“La mémoire collective” – que espaço é que um Columbia em chamas nos céus de Dallas ocupa ainda? Sobram-nos tempos em que o que resta das últimas fronteiras já não parece bastar, ficando-nos a ideia de que não viveremos que chegue para roçar alguma delas. Encolhemos os ombros perante a pasmaceira do espaço, a sobreprodução artística e o tamanho de um assento num voo comercial. A desconstrução de um vaivém em pleno voo chega-nos para perceber a dimensão do feito? Ficamos para os créditos se Nolan nos obrigar a sentar para mais um truque de magia? A terceira lei a que obedece Roly Porter é o cataclismo que nos cola à televisão; o soco no estômago que apaga a ultra-violência.
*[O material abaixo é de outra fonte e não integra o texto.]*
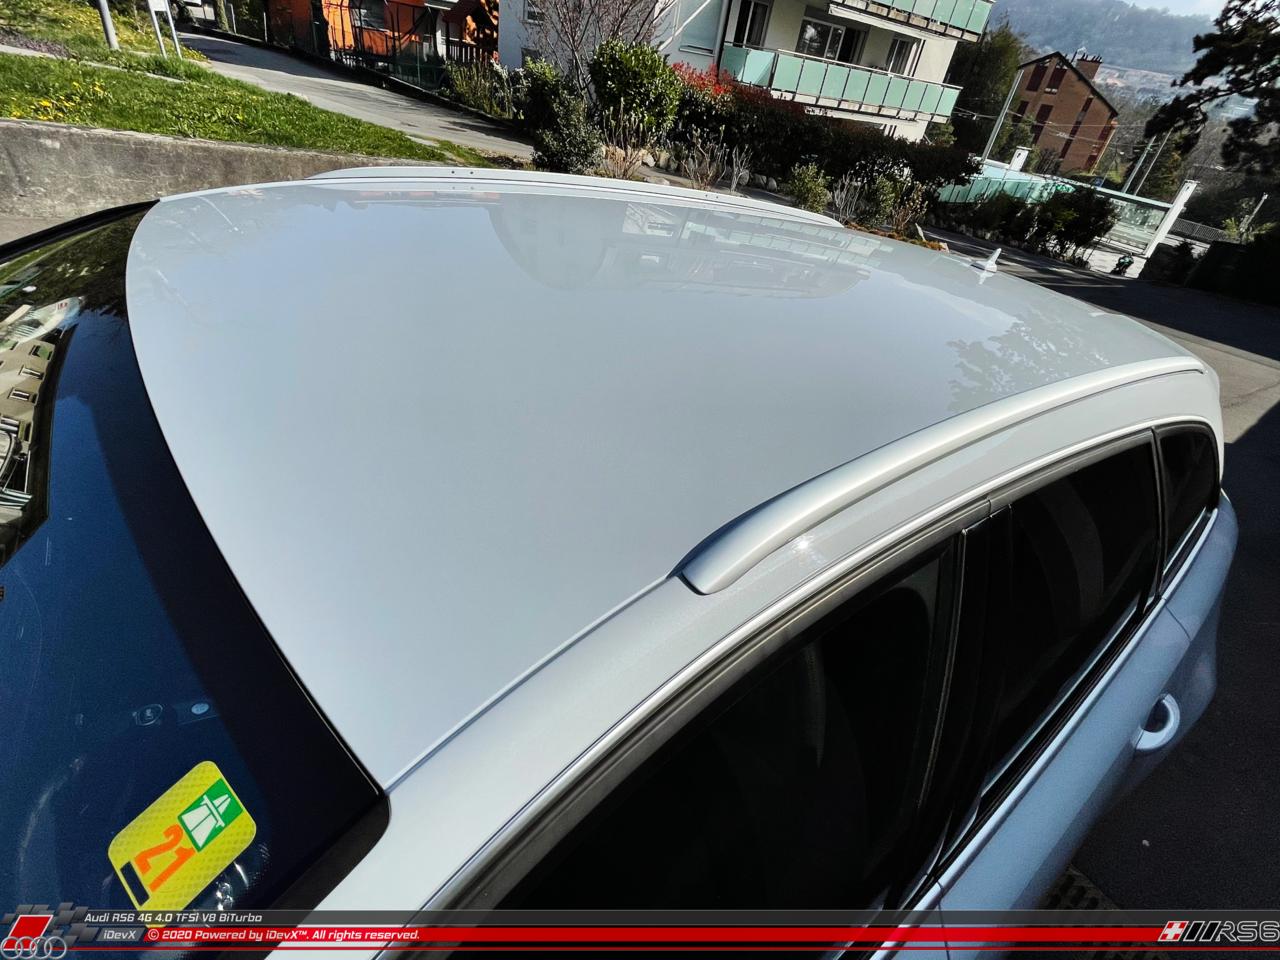 03.04.2021_Audi-RS6_iDevX_009.png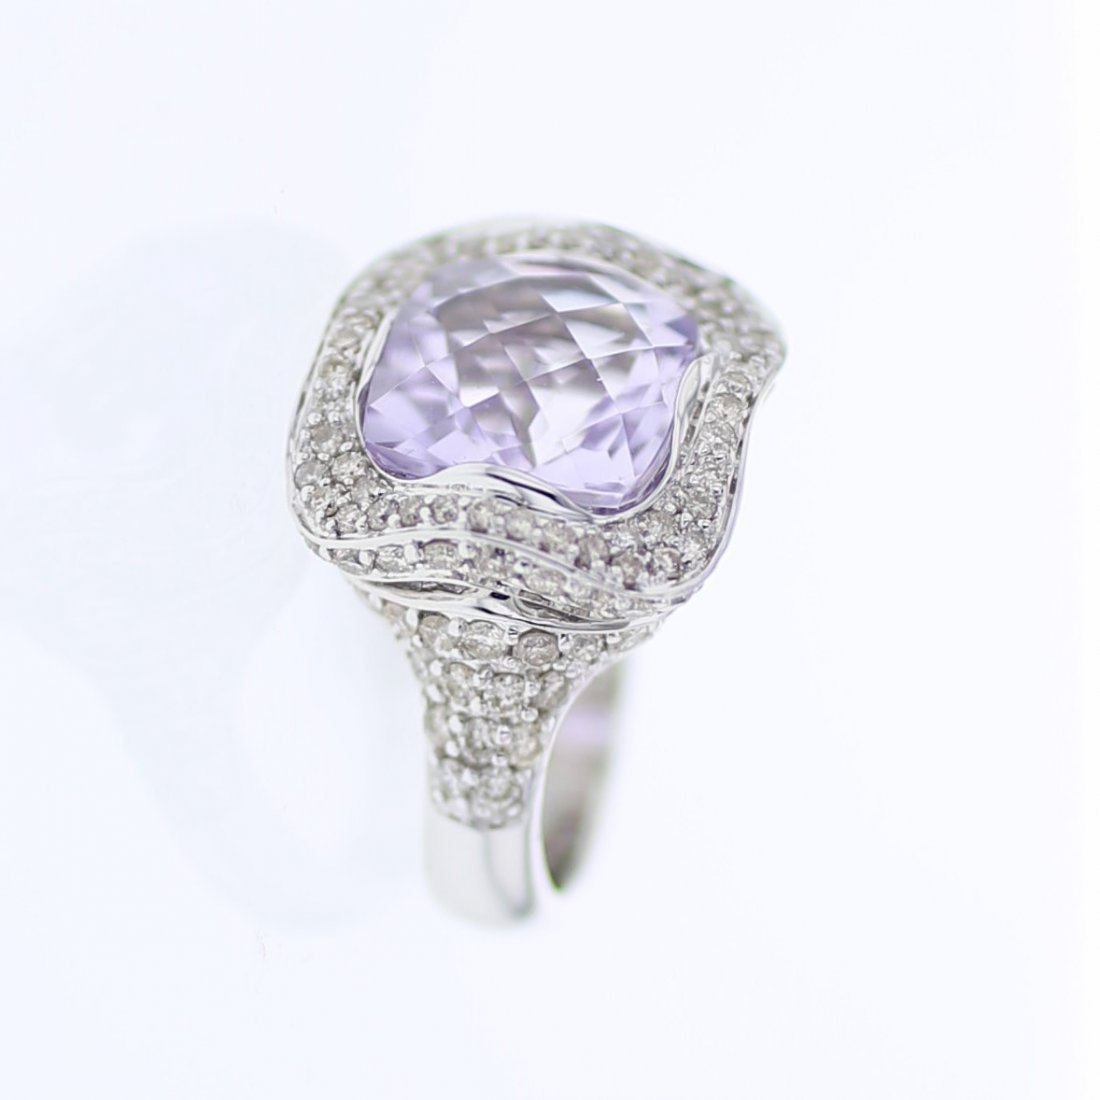 Cushion Bezel-set Pink Amethyst Diamond Ring in 14K

Foi em 2011 e com Aftertime que Porter escapou para a carreira a solo e ao rótulo que lhe cabia como metade dos Vex’d. Chegamos mesmo a vê-lo por cá no ano seguinte aquando da sua passagem pelo bracarense Semibreve, num concerto que ainda hoje guardamos com saudade. Third Law surge cinco anos depois e numa escala maior. As secções de cordas surgem para ser interrompidas por erupções de estática dos confins do Sol, com os coros a aparecem a espaços, para não depois acabarem engolidos por vagas de sub-graves do tamanho de titãs. Roly Porter não roça aqui a delicadeza aparente que mostrava pela renda em Aftertime. Tudo é mais rude e repentino, mais dramático e terminal, mas sem alguma vez deixar de parte as dinâmicas e variabilidade que fazem dele um artista brilhante. E não é que o seu registo de estreia não tivesse dentes – porque tinha-os mesmo, e de que tamanho – a grande diferença era a forma gradual como os enfiava por uma traqueia adentro.
Third Law, por outro lado, abre-se com “4101” e não tarda em projectar o sinal para o vermelho e a nós contra as costas da cadeira. A proeza é repetida e amplificada em “Mass”, e juramos que há átomos a colidir no tamanho e aspereza do kick drum, como se por segundos placas continentais inteiras se abrissem a meio e dessem lugar a uma pista de dança. Já as notas de sintetizador que caem sobre o fecho de “Known Space”? Podiam muito bem ser lágrimas de Jules Verne a ler Solaris; são belíssimas. Talvez o seu único pecado sejam os momentos em que parece estender-se e perder-se quase que epicamente no vazio, mesmo que esteja precisamente aqui a chave para compreender Porter. O impacto e atordoamento iniciais desaparecem sempre para nos deixar entregues à fonte, e a magia está nesse espaço entre o recuar de uma vaga e a chegada de outra, nos segundos que antecedem a descolagem e o fim.
É quase como se ouvíssemos Third Law tocado nos corredores da Nostromo. Como se este habitasse um mundo pós-CERN ou A U R O R A ou vivesse do subproducto hollywoodesco que é Interstellar. É electronica pautada a bisturi e medida a proveta. É música alimentada a combustível de foguete e que nos mete a meio da câmara de combustão. É Ciência na senda por Deus e Roly Porter uns segundos à frente do resto – no futuro.
Álbum. Tri Angle. 22 Janeiro 2016
Classificação
7.7
O impacto e atordoamento iniciais desaparecem sempre para nos deixar entregues à fonte, e a magia está nesse espaço entre o recuar de uma vaga e a chegada de outra, nos segundos que antecedem a descolagem e o fim.